Very interesting! For those who know Penny, she is a very right brained horse- hugs for days 💕
03/31/2026

Very interesting! For those who know Penny, she is a very right brained horse- hugs for days 💕

Temperament types

When describing a horse’s temperament and personality one way to simplify the explanations is to refer to the part of the brain the horse tends to operate out of.

There are four different temperament types, not four quarters but four overlapping halves. Introvert and extrovert, and right brain and left brain. An extrovert can be right or left brain, and an introvert can be right or left brain.

This is a great oversimplification because the two halves of the brain work together, nothing only functions naturally in one hemisphere or the other. A horse can show more characteristics of the functions that one side of the brain offers though, and that is what we would call their dominant trait.

All horses have some traits of each type. Some have far more of one type than another and some are evenly balanced in the middle of all of them. When we say extreme right brain it means that they show LOTS of right-brain tendencies. It does not mean they won’t show any left-brain tendencies.

An introvert can also be an extrovert, as in the case of stacked double whorls. Or right brain can also be left brain, like horses with side by side double whorls. In theory, a single-centered whorl should be an even mixture of all four.

Extrovert

Like in people an extroverted horse is one that is social. An extrovert likes to visit, see what is going on in life. They want to be there for the excitement. They may create their own excitement if they get bored. When an extrovert isn’t being kept entertained they will go looking for ways to entertain themselves. They usually have a great sense of humor and will spook, or take things apart, gallop around their pasture or let themselves out of the pasture.

Extroverts are very invested in the external world, everything going on around them. They want to go, to be moving all the time.

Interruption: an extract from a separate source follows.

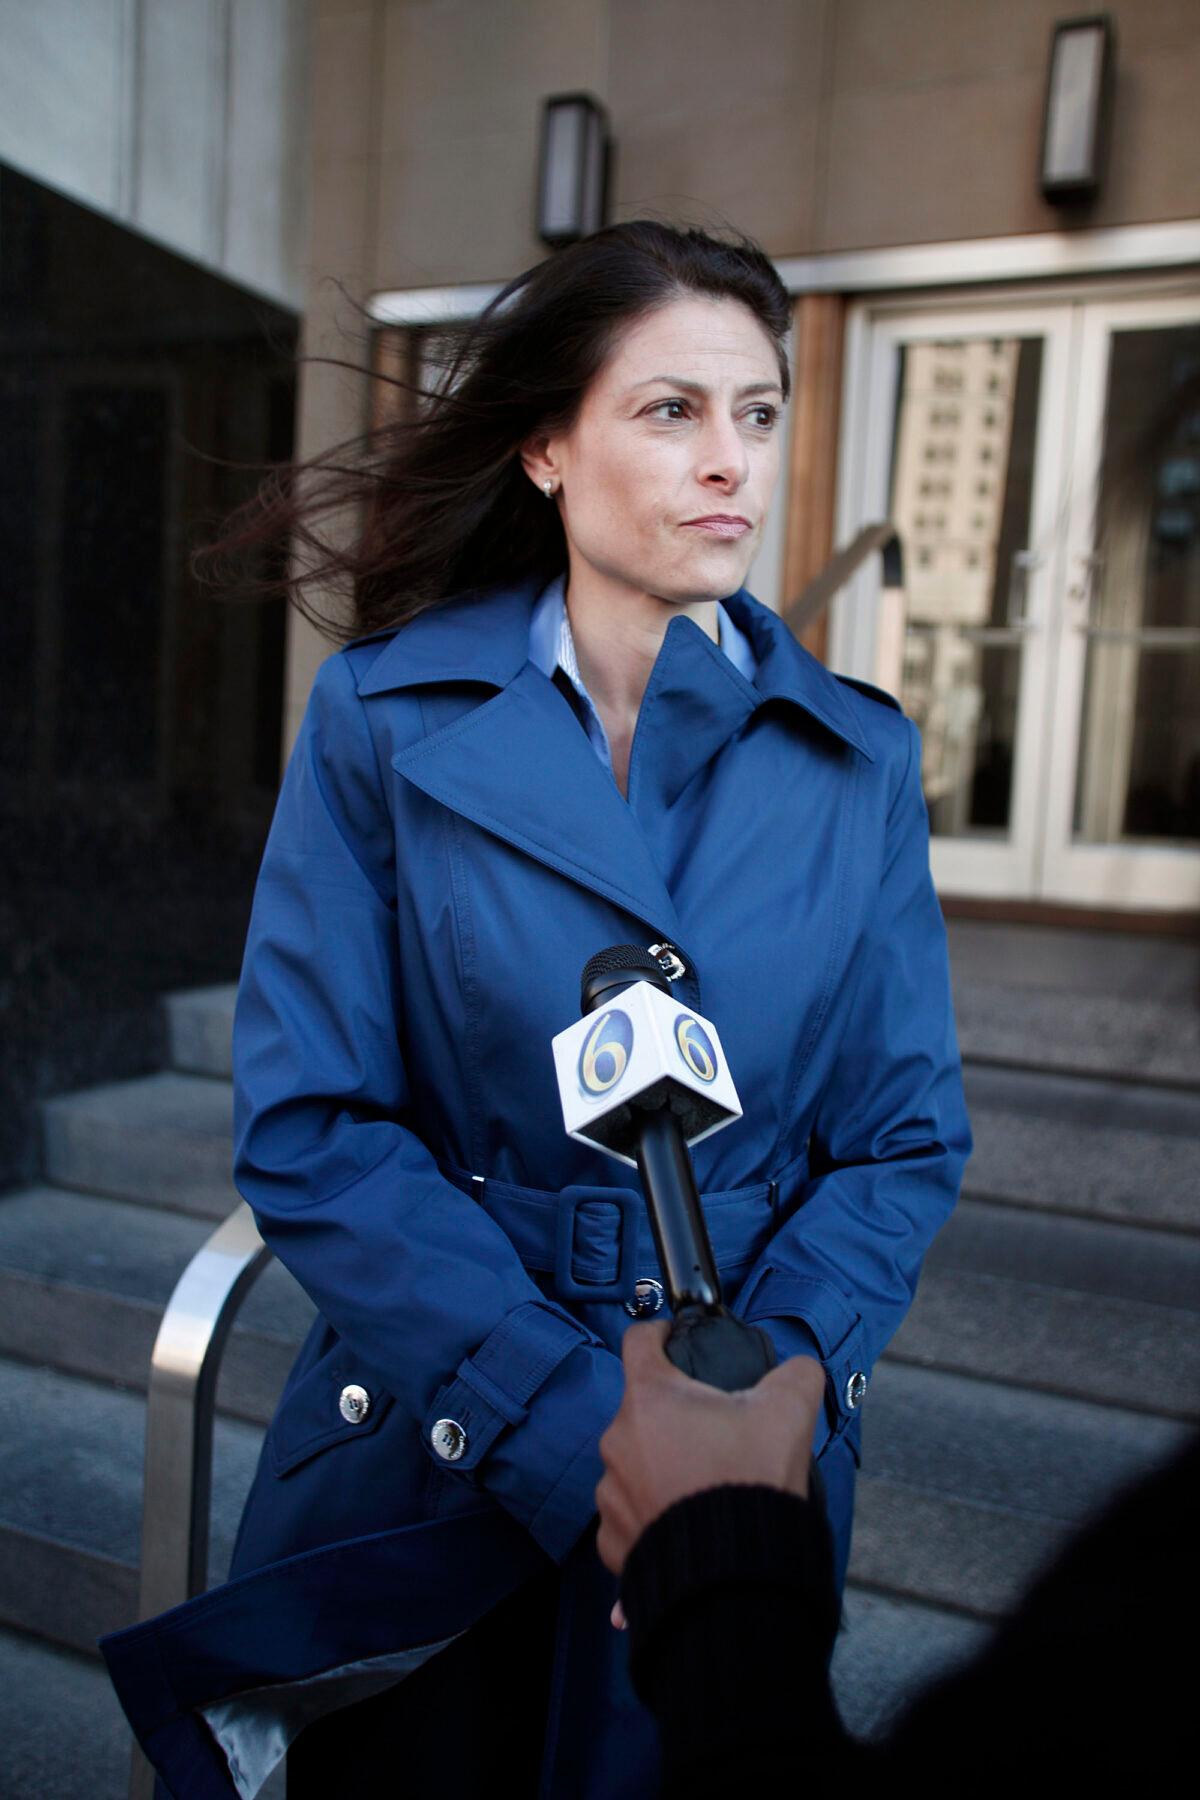 Dana Nessel, then-attorney, speaks to reporters in Detroit, on Oct. 16, 2013. (Bill Pugliano/Getty Images)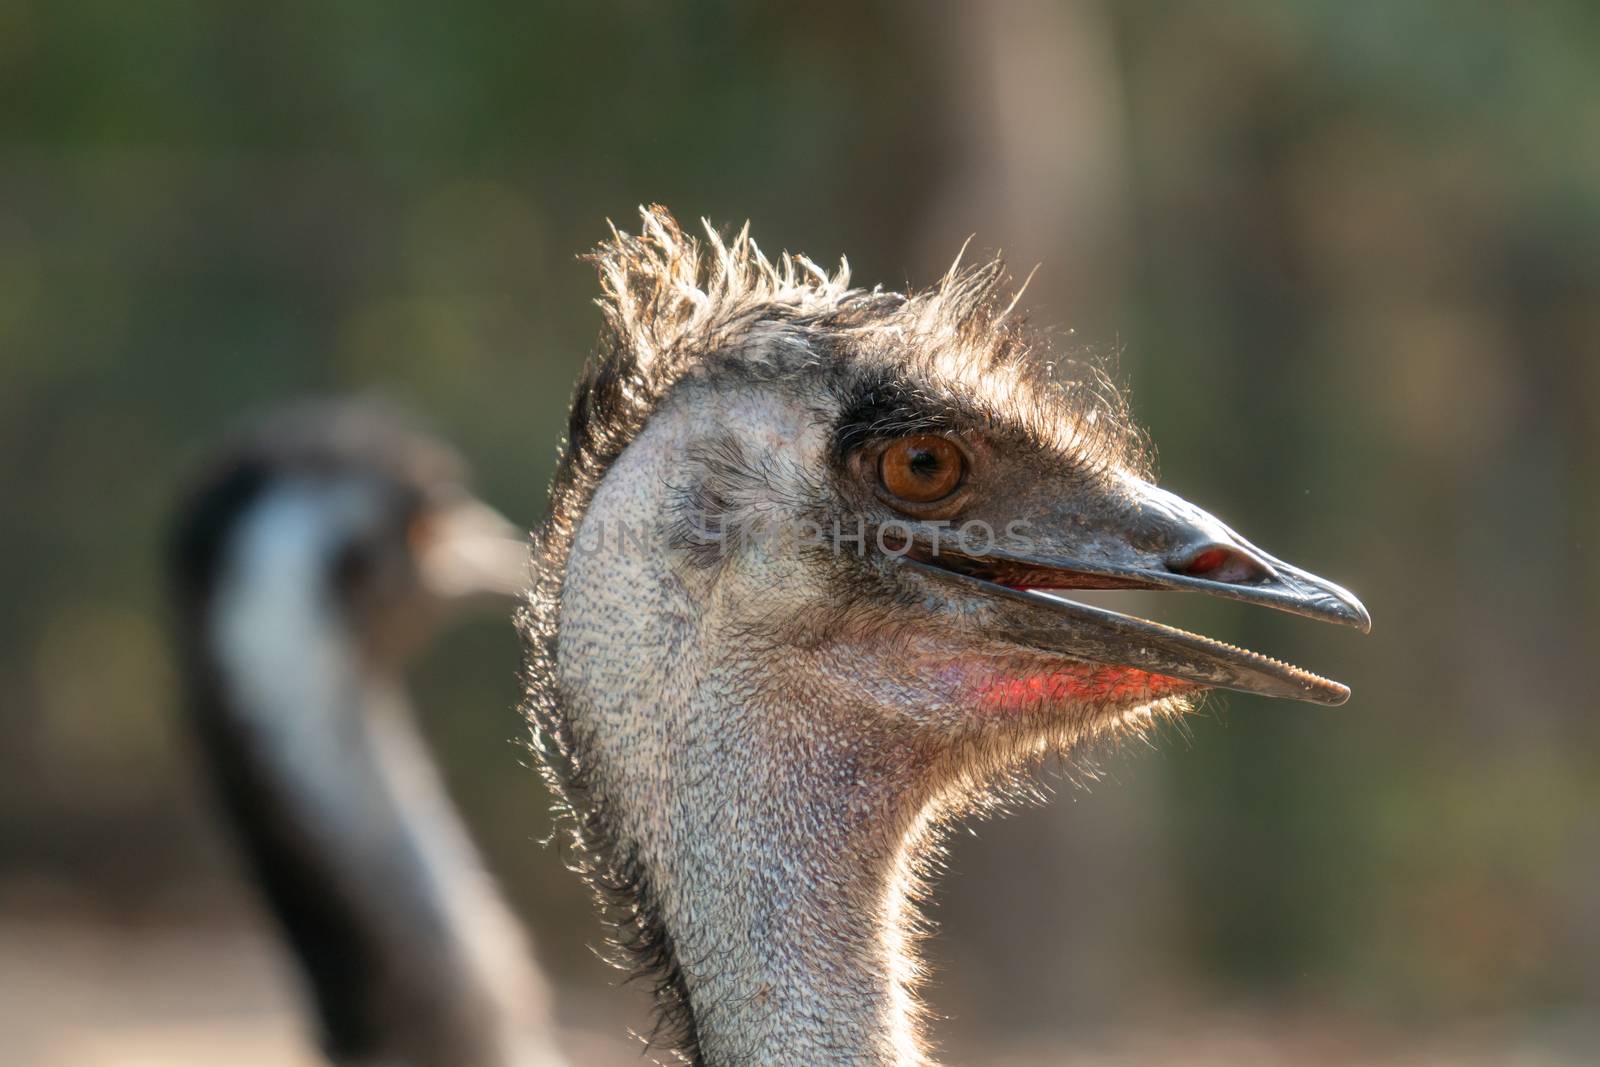 Close up of the head and neck of an emu

They are the hot horses who want to be in the front. Extroverts can get carried away with their desire to be moving and need help to calm down before they can pay attention.

Introvert

An introverted horse is content within themselves. They are thinking, processing the information around them. Sometimes people make the mistake of underestimating their intelligence because they don’t respond immediately.

That is a major mistake.

Introverts can be extremely intelligent, they don’t want to run around telling everyone about it like an extrovert does. They have a quiet, droll sense of humor.

Introverts like their space. They can be overwhelmed by too much excitement around them. This can cause them to withdraw even further and not respond to overwhelming attempts to get their attention or make them listen.

Instead of trying to make an introvert do anything they need to be given a reason to listen. Explain to them WHY you want them to do it. Make it worth their while. They don’t want to move in the first place. Introverts strongly dislike lots of movement without any apparent purpose.

Right Brain

A horse’s right brain processes their emotions. When the right brain is in control the horse is a subject of their emotions. All the emotions can mean all the feelings. They want to be loved, they want to be appreciated, they want to sit in our lap and be hugged.

The right side of the brain is all about the senses, the world around them, pictures, seeing instead of thinking. Unfortunately, that also means a horse operating in his right brain can be fearful and reactive to stimuli.

They see all the things and everything going on around them. They are alert and aware, because of that, they can be nervous. They can be soothed by lots of repetition, knowing what is coming, and what to expect from you.

Left Brain

Left brain horses are the ones who will undo gate latches, they will untie themselves, they will untie other horses! A left-brain horse wants a game, a challenge, something to keep their busy minds occupied.

A left-brain horse can be one who fears nothing. They can also be the one who sees no reason to listen. When they are interested and want something a left-brain horse sees no reason not to demand you give it to them.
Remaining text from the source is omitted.